Collaboration is a teacher of hard lessons on interpersonal relating! And, a creative process can feel threatening on a deeply instinctual level. Differing communication styles, behaviours, and emotional habits can pull focus away from the work being created and into a spiral of relational dynamics made by the specific cocktail of collaborators’ temperaments. Seen through the lens of nonviolent communication, it can be said that underneath every conflict something essential and indisputable is being protected. For artists, this is the source of our power, voice, and sense-making – our creativity.

My fascination with collaboration began with lessons learnt with Fool’s Proof Theatre, such as:

Create tricks to subvert individual ownership, to detonate clashes of egos, confound ourselves into a sense of safety.
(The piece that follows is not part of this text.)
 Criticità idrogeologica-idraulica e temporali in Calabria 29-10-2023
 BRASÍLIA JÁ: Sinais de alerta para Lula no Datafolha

Make a solo and teach it to everyone. Create a duet for the others. Perform simultaneous solos.

Find strategies to stop conversations from defaulting into bargaining. 

Draw a map of the piece you think we’re making; perform it for the group. See how different it is inside the minds of the others! 

Assume that collective understanding diverges in multiple directions from the words that mark its place. Use words to report back from wordless experience. 

 

​The imprint of this was evident in REMIX residency.

​I like to design frames as much as their contents. 

My favourite part of making work is ‘Research and Development’. It is where the process is most open and exploratory, and more possibilities arise rather than close down. When I went solo, I began experimenting with formats for collaboration within the creation of solo work. 

Questions that have driven research labs:

Is theatre more interested in failure than dance? What happens to my sense of humour, power and agency when I call myself a dancer? What permissions do costume, personae and voice give me that are difficult to access through dance? How can I prevent the relentless perfectionism absorbed from classical training from strangling my aesthetic and sensibility for the weird, outrageous, pathetic, comic, cringeworthy, grotesque, and messy? (FAILURE Lab)

Could I find a mythical wildness in my body, underneath the layers of training, learned forms and coded movement? Is this potentially more problematic than the quest for ephemeral beauty I want to exorcise? How to set up and play with audience expectations and create unusual preparations for the body? (Wildness Lab and Wild Trio)

Questioning my habitual approach to collaborative research -- how can I avoid becoming preoccupied with managing the many opinions, energy levels, and desires of a group? How to get to know collaborators more specifically as artists? What are their interests, taste in film and music, and particular aesthetics? What drives them? What if I invite them one at a time? What if I don’t lead the process? Could I create a solo from several alternate identities, part homage, part identity theft? (FoMOs research weeks)

In my practice, the designing of frames to create spaces to explore can be scaled up or scaled down. 

Whether I am making an improvisation score or an exercise for teaching, planning a performance making process, or curating a multi-disciplinary artist residency, I set the conditions from which I hope a particular experience can grow. I think about this in terms of awakening sensitivities: it could be towards a certain body part or a costume, a concept, or a way of relating with others. After awakening different combinations of sensitivities, it is interesting to watch the results. The outcome is a mystery that can never be known in advance. I can only predict which sensitivities to include in combination, to nourish and to cultivate.